Bukchon Hanok Village The otherwise frenetic city of Seoul seems to wrap its arms around this preserved picturesque village located on the city’s north side. The Bukchon walk is a hilly one and offers incomparable views of the city, as well as a glimpse into Seoul before it became the ultramodern metropolis it is today.

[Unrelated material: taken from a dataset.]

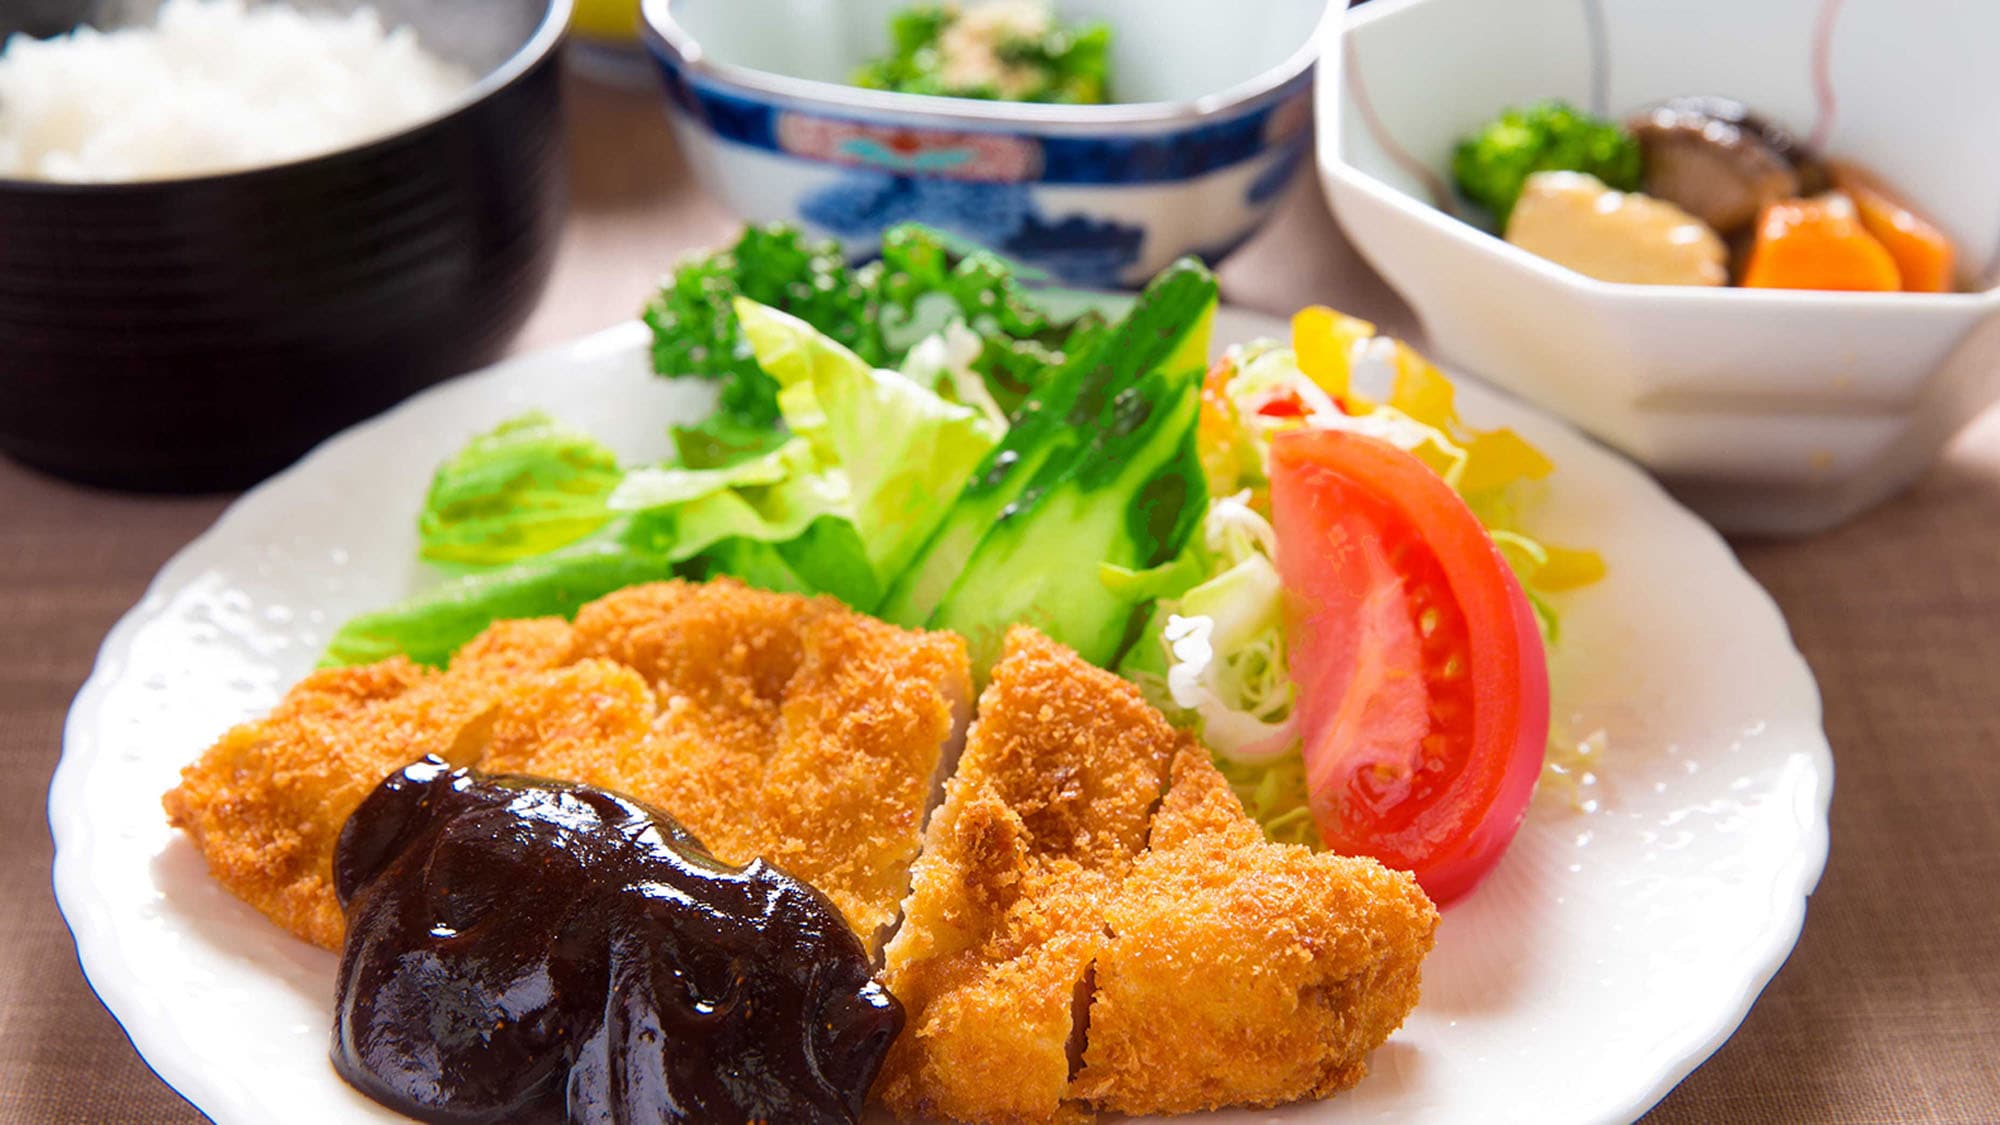 ■ Nagoya's famous "miso katsu" ■ Hatcho Miso's rich sauce goes well with juicy cutlet ◎!

Hanok refers to the traditional Korean-style architecture. While many of the Hanok homes here still serve as residences, others are now art galleries, studios, cafes, boutiques and teahouses. Traditional painting classes and knot-tying classes are also offered throughout the village. Visitors could spend an hour or a day getting lost in Bukchon’s narrow alleys and meandering stone streets.

 

Nanta Theater has become an explosive part of contemporary Korean culture, and Nanta is king. While originating in Seoul, Nanta has been performed and is acclaimed all over the world. The pot-and-pan banging, veggie-chopping percussive performance is most aptly described as “Iron Chef” meets Stomp. With no shortage of laughter and a high likelihood of getting a little messy, Nanta is an unrivaled, interactive live food and music extravaganza.

 

Changdeokgung Palace Located in the heart of Seoul and a short walk from Bukchon Hanok Village, Changdeokgung Palace, a UNESCO Heritage Site, dates back to 1405. Strategically situated at the base of a mountain on a river’s edge, Changdeokgung is as majestic as it is imposing. Although currently uninhabited, it was home to many of Korea’s kings and ultimately became the nation’s primary palace. Its beautiful pagodas and ponds are set in perfect balance with the garden’s natural surroundings, and can be viewed only with a guide for an extra fee.

 

Insa-Dong With more than 100 galleries and a good smattering of tea shops, cafes and restaurants, Insa-Dong offers an assortment of tea sets, beautiful tapestries, antiques, Buddhist art and even “Gangnam Style” socks featuring none other than Psy. Although more metropolitan in feel than Bukchon, the main arteries of Insa-Dong sufficiently give visitors a sense of product and place. But it is in the alleys where the locals gather and Insa-Dong really comes to life.